Good afternoon, and thanks for taking my question. Apologies if this was asked before, and Al, I know you gave a quick history lesson there on anti-amyloid products for Alzheimer's, but what are the key results you need to see or learning from external programs that might lead you to making a firm go-no-go decision on your anti-Tau antibody program, or would you need to see internal results in order to make that decision, and what might those internal results look like?

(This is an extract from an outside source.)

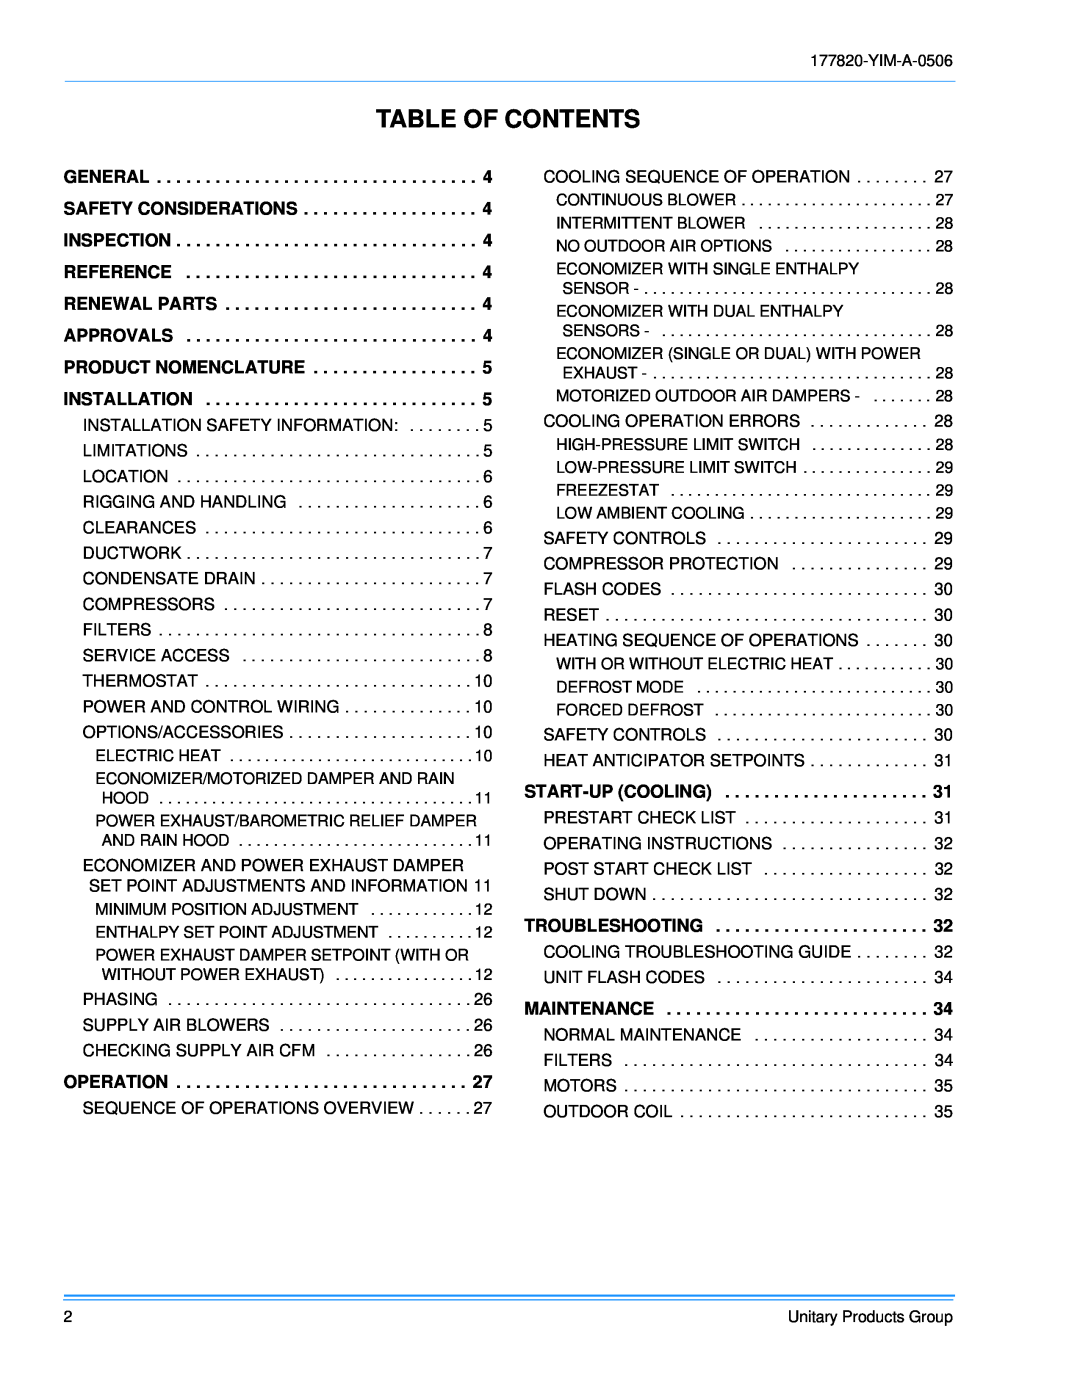 York BCH 036, 048 & 060 Table Of Contents, Sequence Of Operations Overview, Cooling Sequence Of Operation

Yeah, I mean, that's a tough question to answer. What I'm looking for, Suman, is really how much of an effect on tau spreading do you have to see to see a minimally clinically significant effect? So in the case of the anti-amyloid antibodies, and by the way, you can learn from different antibodies against different epitopes. But the key question is, how much of an effect on amyloid PET imaging did you need to see to see an effect on CDR sum of boxes, which is the required endpoint for approval? And you can actually draw a graph of all the different antibodies and see that, you know, if you don't get to a certain level of amyloid lowering, you don't get a big enough effect on CDR sum of boxes. So, that's precisely the kind of thing I think I would like to see with the anti-tau antibodies. And I would say that, you know, anything less than a roughly 30% effect on CDR sum of boxes, I would say is probably not clinically meaningful. So, that's what I'm looking for is what is the effect on tau PET imaging that gives us a 30% effect on CDR sum of boxes. Once we know that for sure, then we can look at our antibody and say, okay, it met that hurdle or not. I think it's going to take a little bit more time to get that. It took more than a decade to generate that data for the anti-amyloid antibodies and various companies sharing their data. And like I said, I think we're in the early stages still of the tile-directed antibodies.

Got it. Thanks.

Thank you. I would now like to turn the call back over to Dr. Al Sandrock for any closing remarks.

Thank you, everyone, for joining us today, and we look forward to speaking with you again soon.

Thank you. This concludes the conference. Thank you for your participation. You may now disconnect.